The play, unfortunately, did not get better. The town’s people looked down on the orphans and their care provider, viewing them only as a problem. The orphans talked about all the foster families they had been ‘through’ (they each counted off how many they had been in), how as a foster child you just knew you didn’t belong, and things foster families dislike. One actor actually said, “They don’t like it when you wet the bed.”

The focus of the play was the orphanage director’s idea to farm each of the kids out to a different town family for Christmas Eve dinner, an overnight stay, and presents. (We never met any member of the receiving town families.) Then the next day, the kids all returned to the orphanage. There was a side character who suddenly at the end of the play became wealthy and decided to give each of the orphans a college education (and we heard what each of the main-character orphans goes on to be/do). One of the narrated ending lines was that each of the college-educated orphans goes on to be ‘a productive member of society’.

I found myself at an almost total loss for words trying to answer my kid’s questions on the brief car-ride home. Why, they wanted to know, were the town’s people mean to the kids (the orphans)? Why did people call them names?

How do you explain to children that some people (erroneously) believe that kids/people who are separated from their birthparents (through death or adoptive placement) are less valuable than people who grow up in their birthfamilies? How do you say to any child (especially your own child) that some people will think there must be something inherently wrong with them because their birthfamily was not able to raise them? This is a totally foreign concept to my kids. It is a totally foreign concept to me.

Then Gretel got hung-up on kids who don’t have parents. “No Mommy and no Daddy?” she kept saying. She understood that the children we saw tonight–the actors–all have parents here in our town. But the idea that there are real children out there who do not have a family . . . Rico put his sister’s crumpled face into words, “That makes me very sad,” he said. “Me too,” I replied.

We also talked about some of the kids’ friends who were adopted internationally who did live in orphanages before they joined their adoptive parents.

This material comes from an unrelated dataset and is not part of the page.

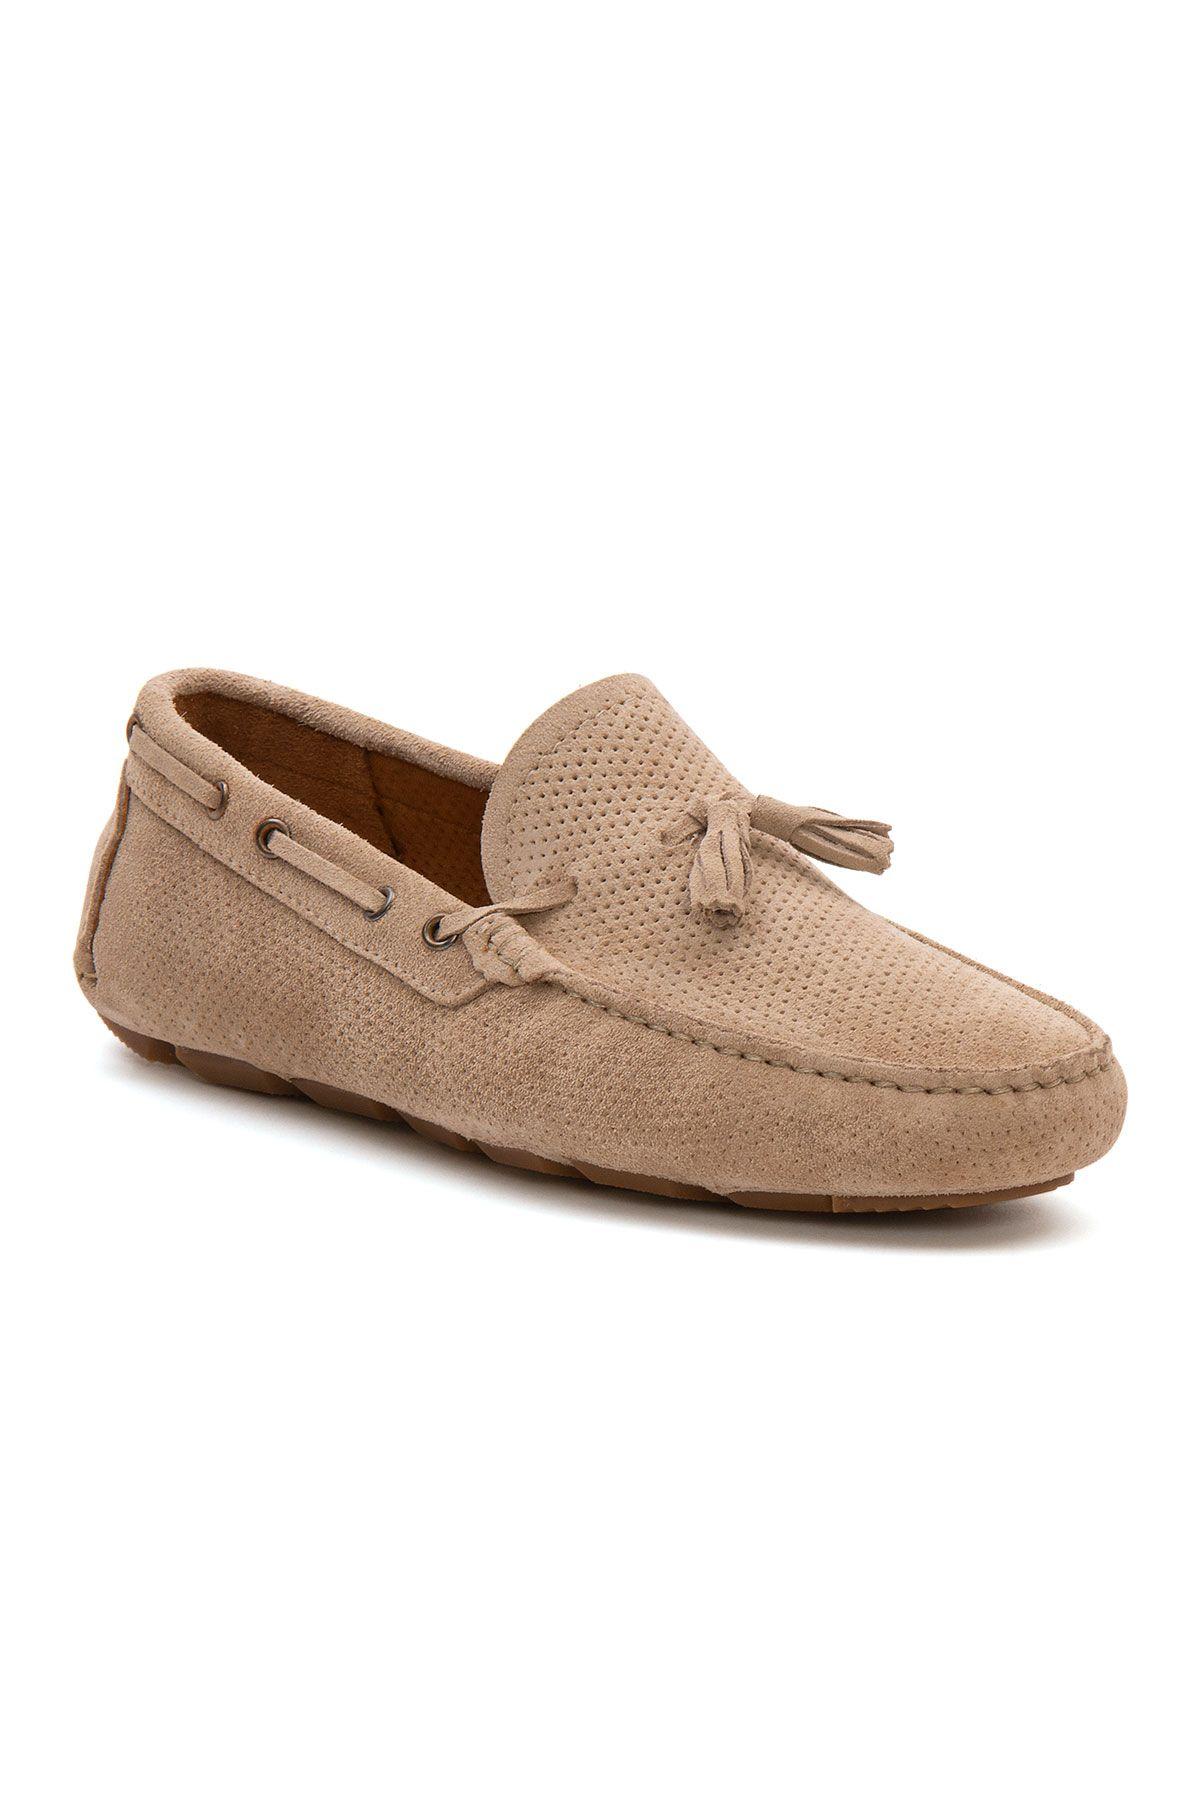 Pegia Genuine Suede Men's Tassel Loafer 500903 Beige

During intermission we ran into friends who told me there are several adopted kids in the cast, at least one who came through foster care and another through international adoption. My first thought was, Are their parents clueless? Or maybe they didn’t know the scope of the whole play because their kid just sings Christmas carols in the chorus–and the parents were as surprised as I was when they came to opening night? Or the parents think orphans as entertainment–regardless of their own child’s experience–is par for the (American) course?

I do not find anything amusing or entertaining about orphans. As my partner sarcastically said, “You don’t see the humor in a kid’s birthfamily burning up in a house fire?” (The orphan with the potted plant really bothered me.) I understand the plot device–kill off a child’s parents so they are free to have adventures the other parented children could only dream of. But there was no adventure in this play, just orphans used as the backdrop.

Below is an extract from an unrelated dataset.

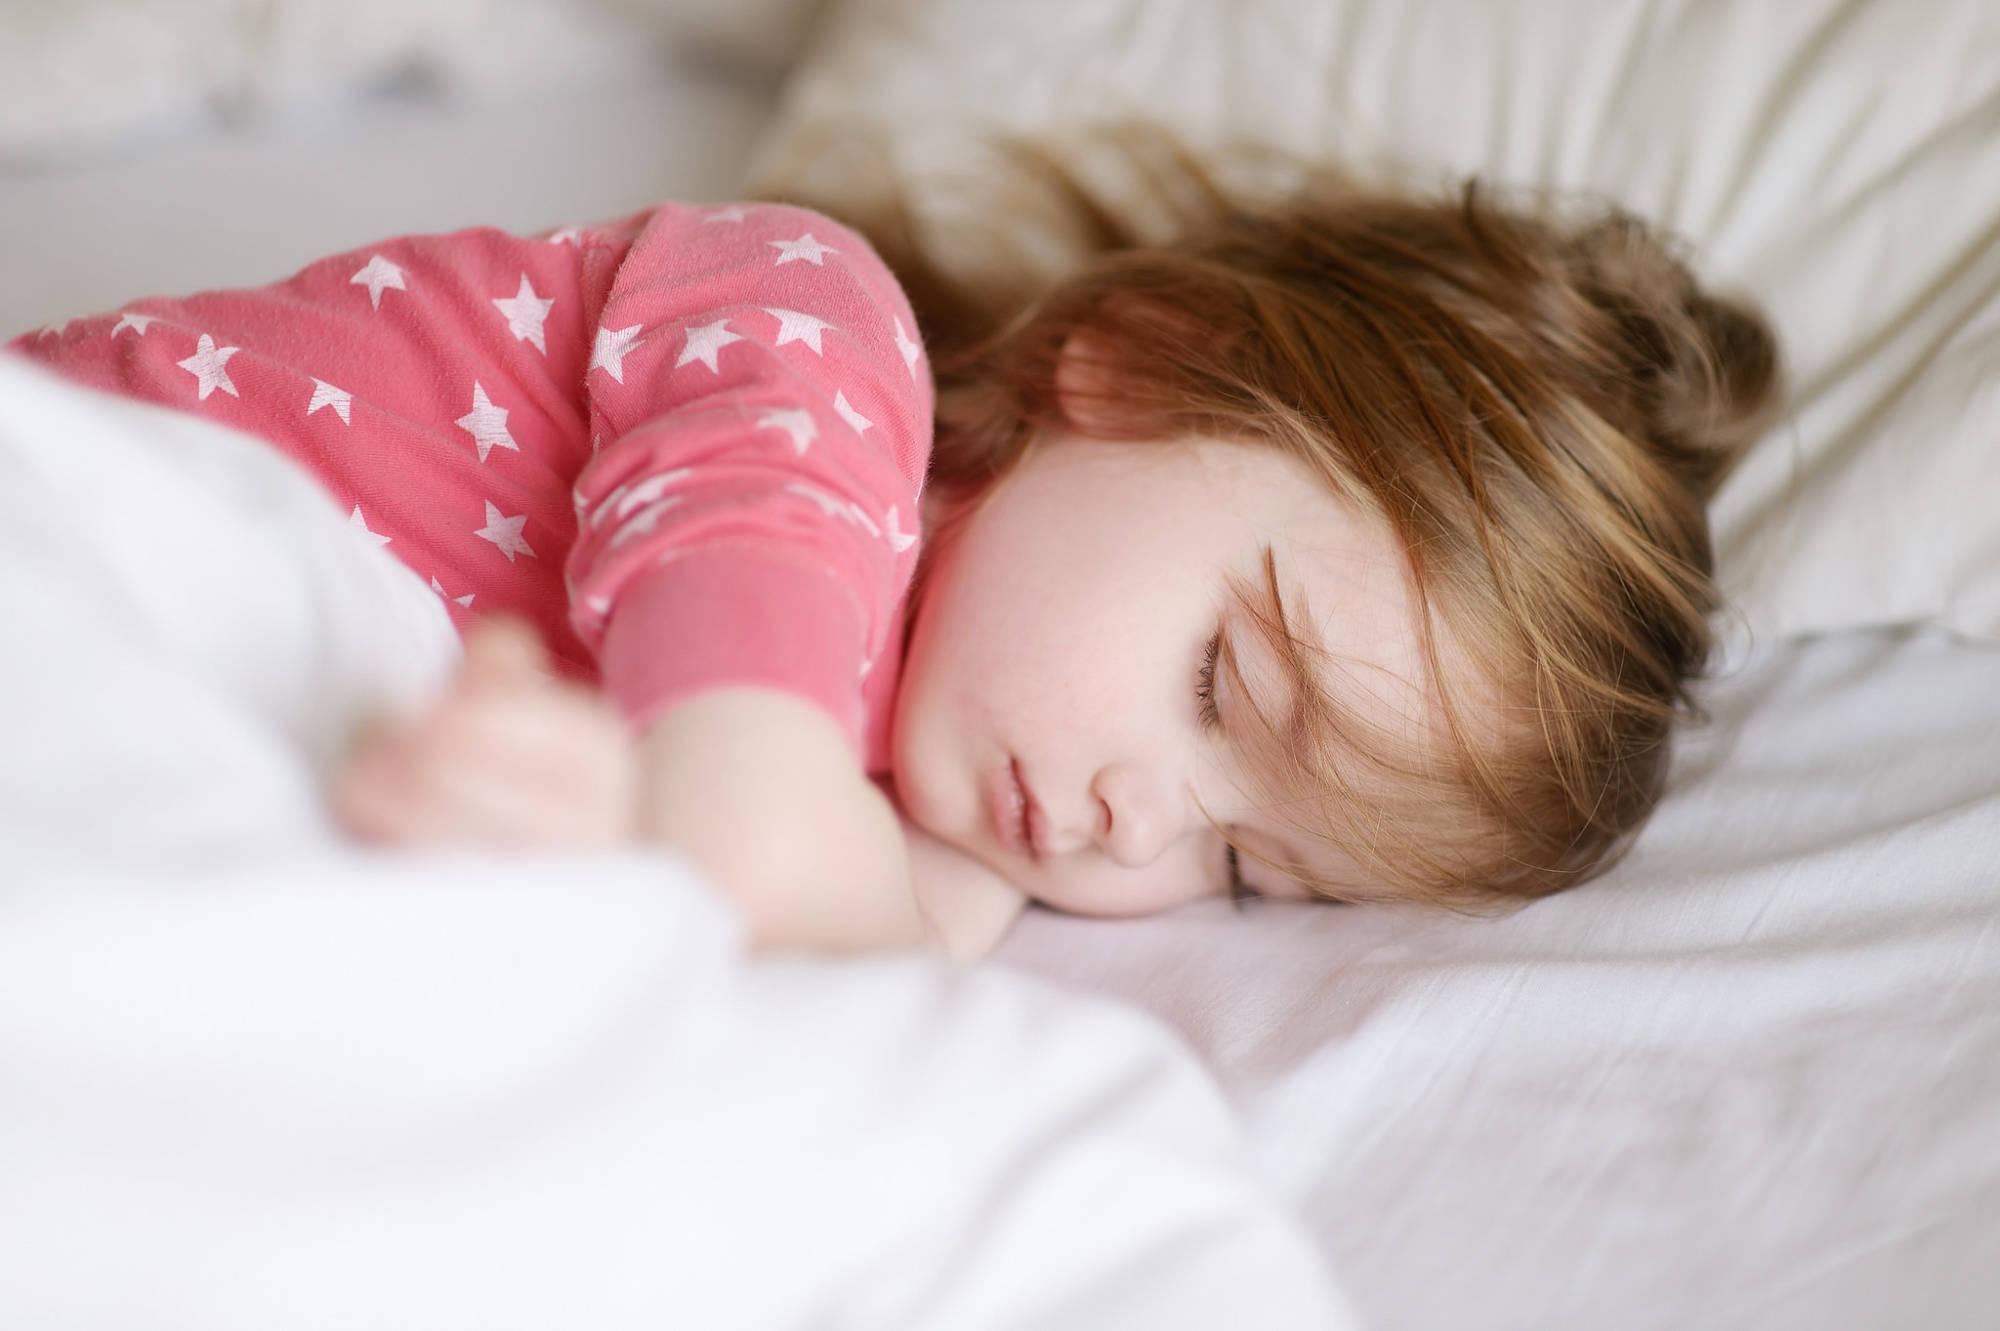 Девочка сладко спит картинки

Why is it acceptable to keep carting out negative stereotypes and calling them entertainment? (There were several ridiculous female stereotypes in this play as well, including a gold-digging woman who even had the parents in front of me raising their eyebrows.) This children’s holiday play was a great opportunity, for the cast and the audience, to enlighten and educate while entertaining. Instead of spreading positive, beneficial ideas, this play reinforced old, false, damaging stereotypes.

A child who has been relinquished by their birthparents (or whose birthparents have died) has no control over their parental situation. They are not more or less valuable as a person because of this life circumstance. As I said to my kids tonight, and they all three nodded in solemn agreement, Every child deserves and needs a family.

And there is no reason anyone should be insensitive to children–or adults–who do not have a family to call their own.